I followed the same steps and am still facing this issue.

ptrblck · November 12, 2019, 2:04am

Great, it seems you are able to reproduce this issue!
Back to my initial question: which PyTorch version are you currently using?

Hiba_Ahsan · November 12, 2019, 2:47am

My PyTorch version is 1.3.0.

ptrblck · November 12, 2019, 4:14am

Thanks for the version number!
I could reproduce a high error (although not in the same value range).

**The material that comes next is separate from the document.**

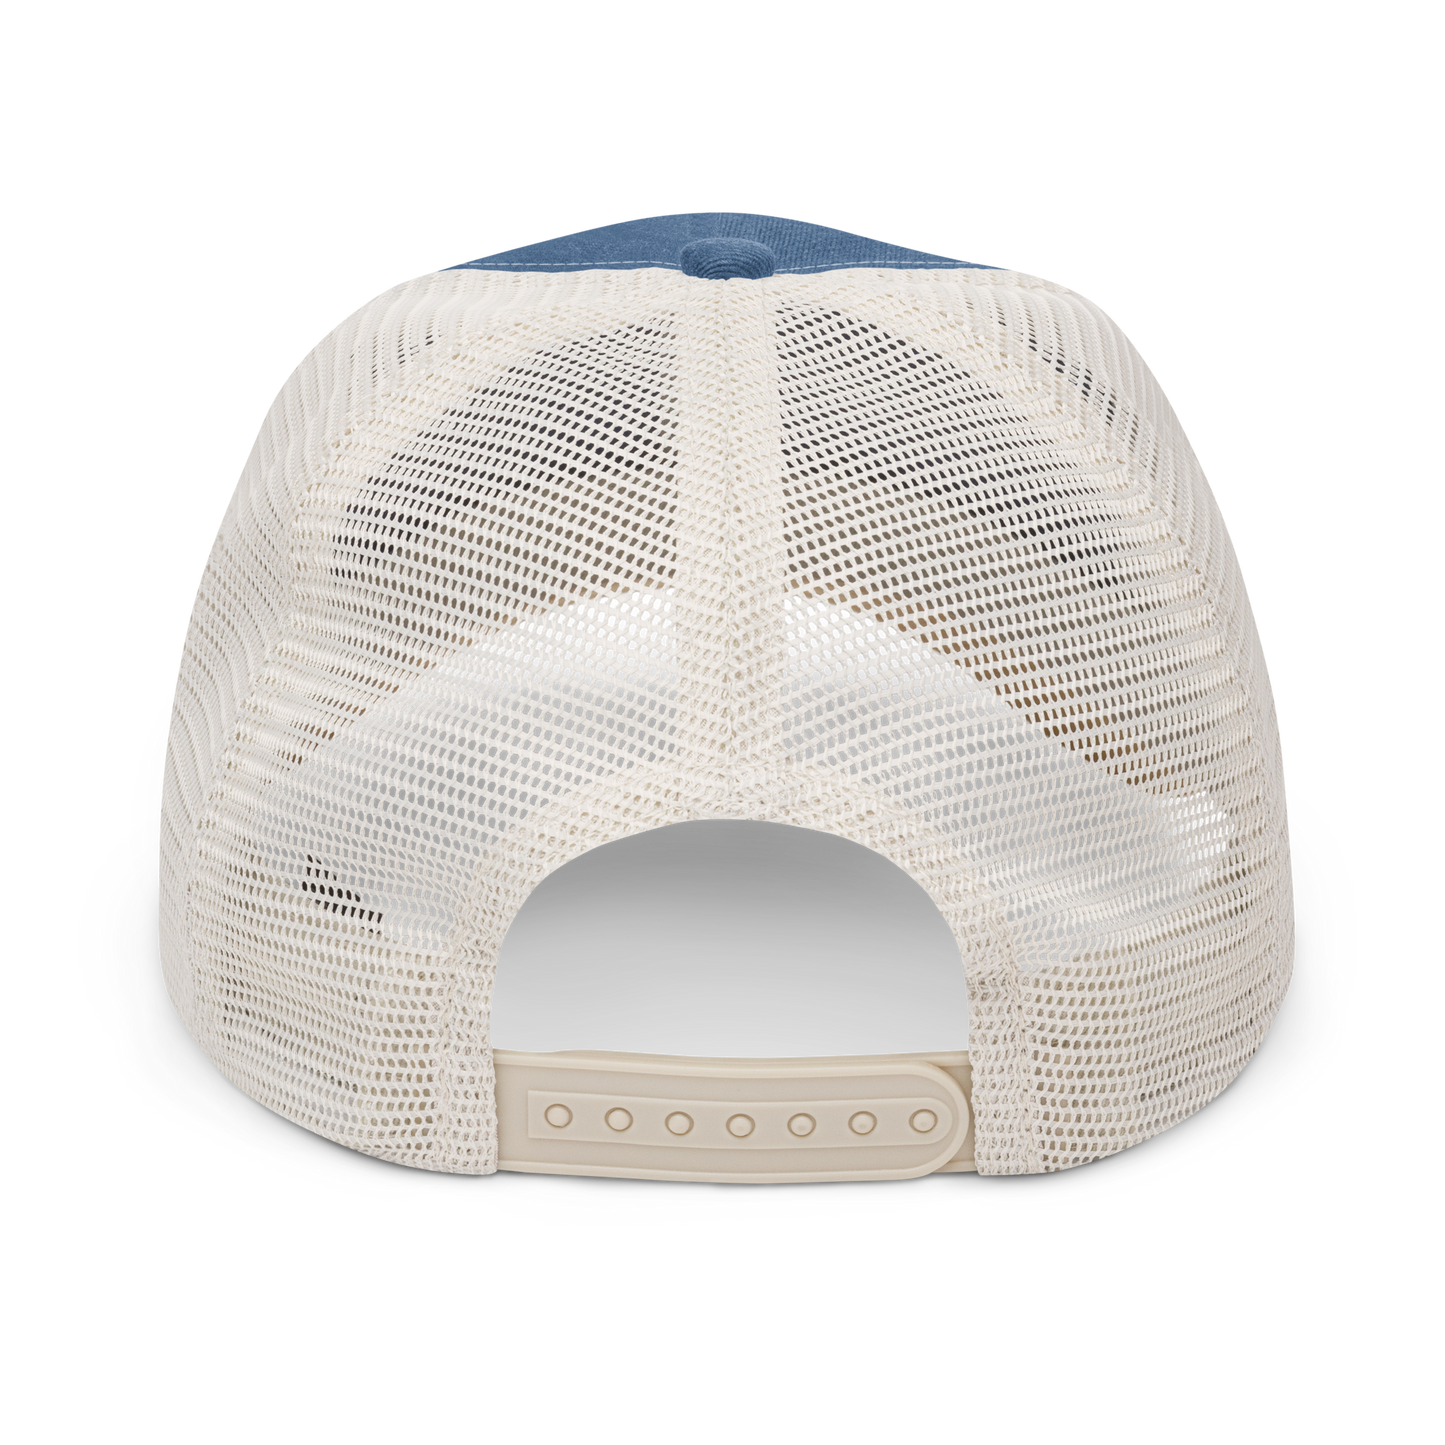 YHM Designs - YUL Montreal Pigment-Dyed Trucker Cap - Crossed-X Design with Airport Code and Vintage Propliner - White Embroidery - Image 19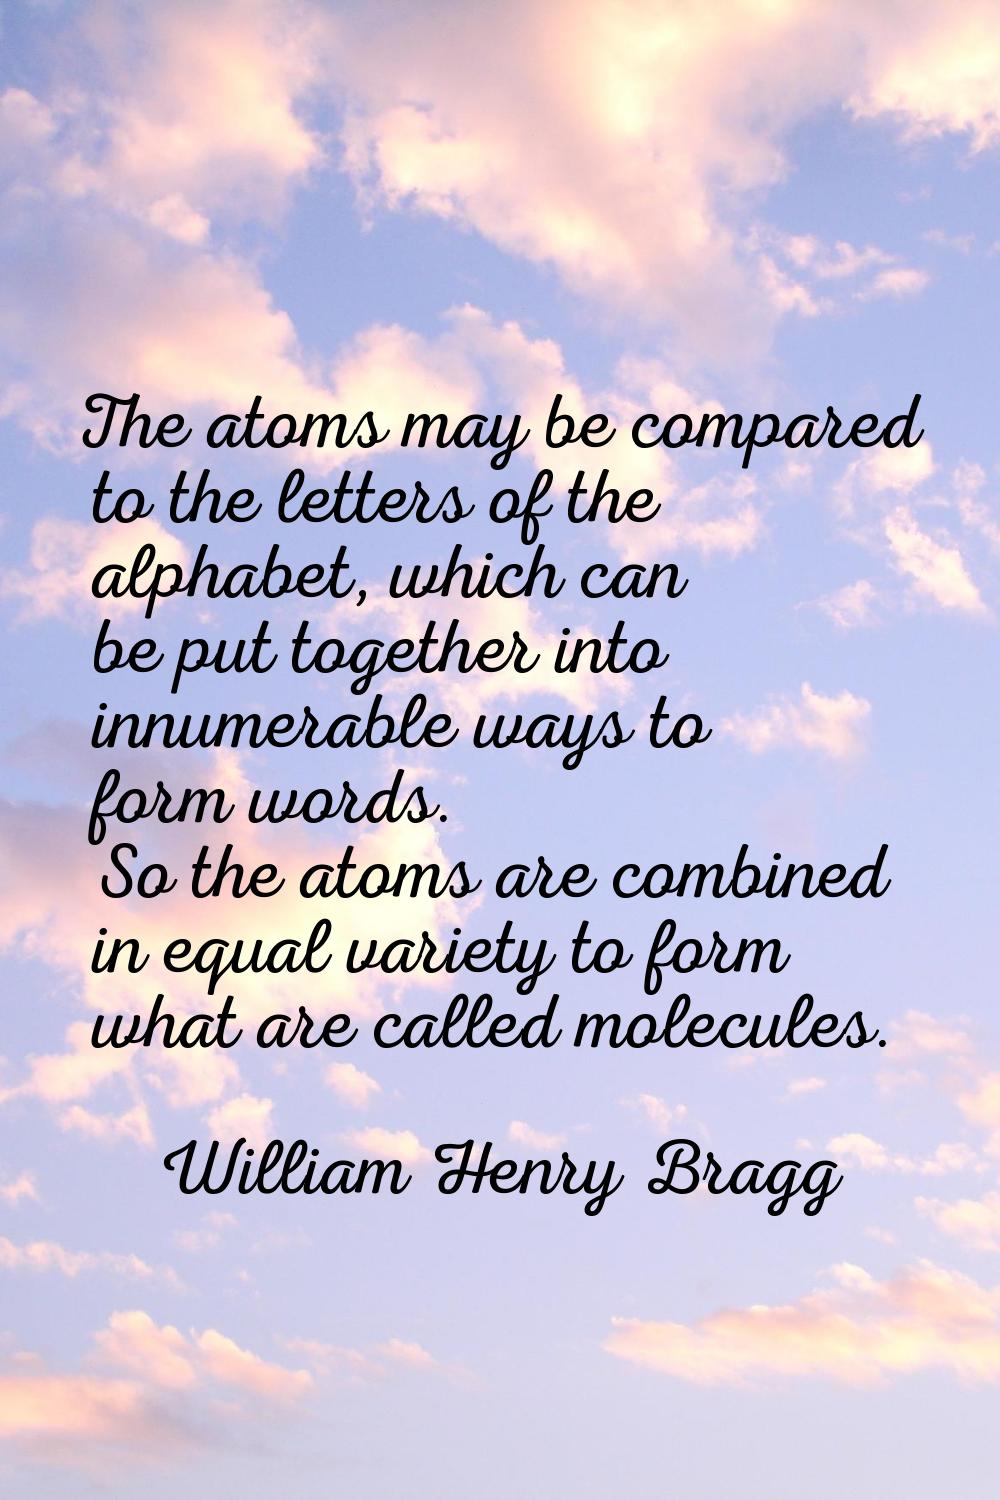 The atoms may be compared to the letters of the alphabet, which can be put together into innumerabl

@albanD Could this be related to 28010?

@Hiba_Ahsan Could you update please to PyTorch 1.3.1, as I cannot reproduce it in the latest release?

albanD · November 12, 2019, 4:40am

I think this is exactly the problem in 28010 and it was fixed in PR #28231. This should be fixed in 1.3.1. Can you test and let us know @Hiba_Ahsan?

Hiba_Ahsan · November 13, 2019, 1:51pm

I am trying to update but it says “Requirement already up-to-date: torch in \anaconda3\lib\site-packages (1.3.0)”.

albanD · November 13, 2019, 4:33pm

Hi,

The packages are properly updated online: https://anaconda.org/pytorch/pytorch
You might want to upgrade conda to make sure you can get the latest libraries?